Every picture stays out; everything else in the listing below is to be returned exactly.

◆ DATA EXCERPT ◆
========================
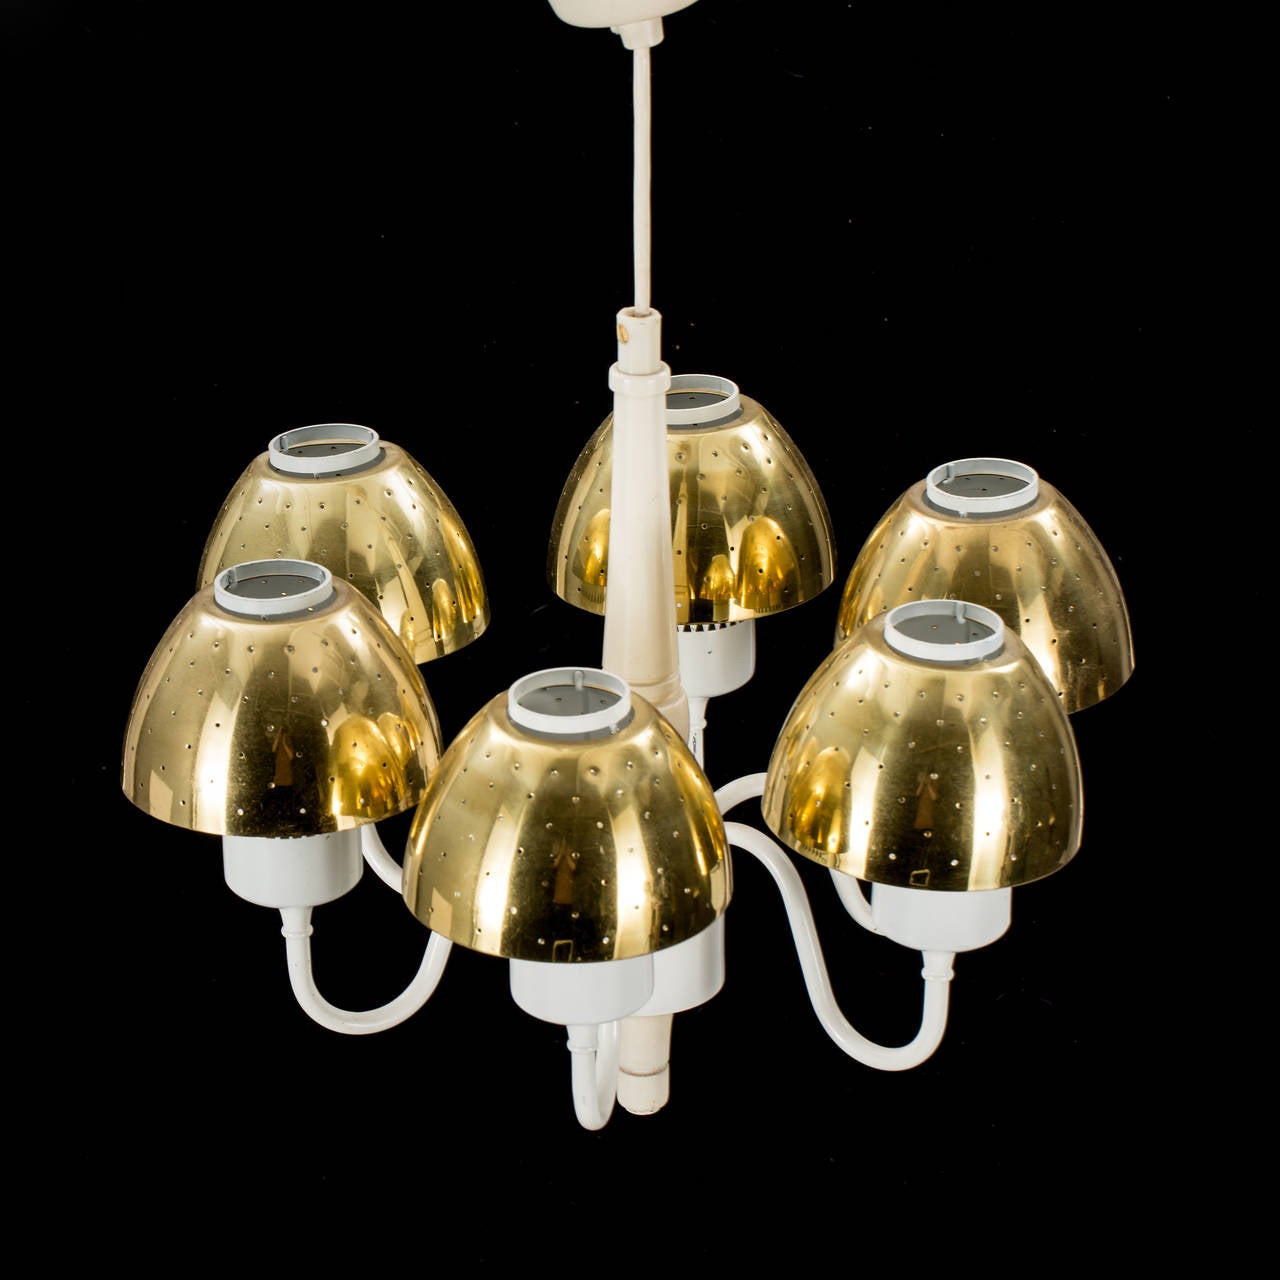 A pendant by Hans Agne Jakobsson for Markaryd, Sweden.
Existing European wiring we do not guaranty functionality.
Rewiring available upon request.
========================
◆ ANSWER BOX ◆
 A pendant by Hans Agne Jakobsson for Markaryd, Sweden.
Existing European wiring we do not guaranty functionality.
Rewiring available upon request.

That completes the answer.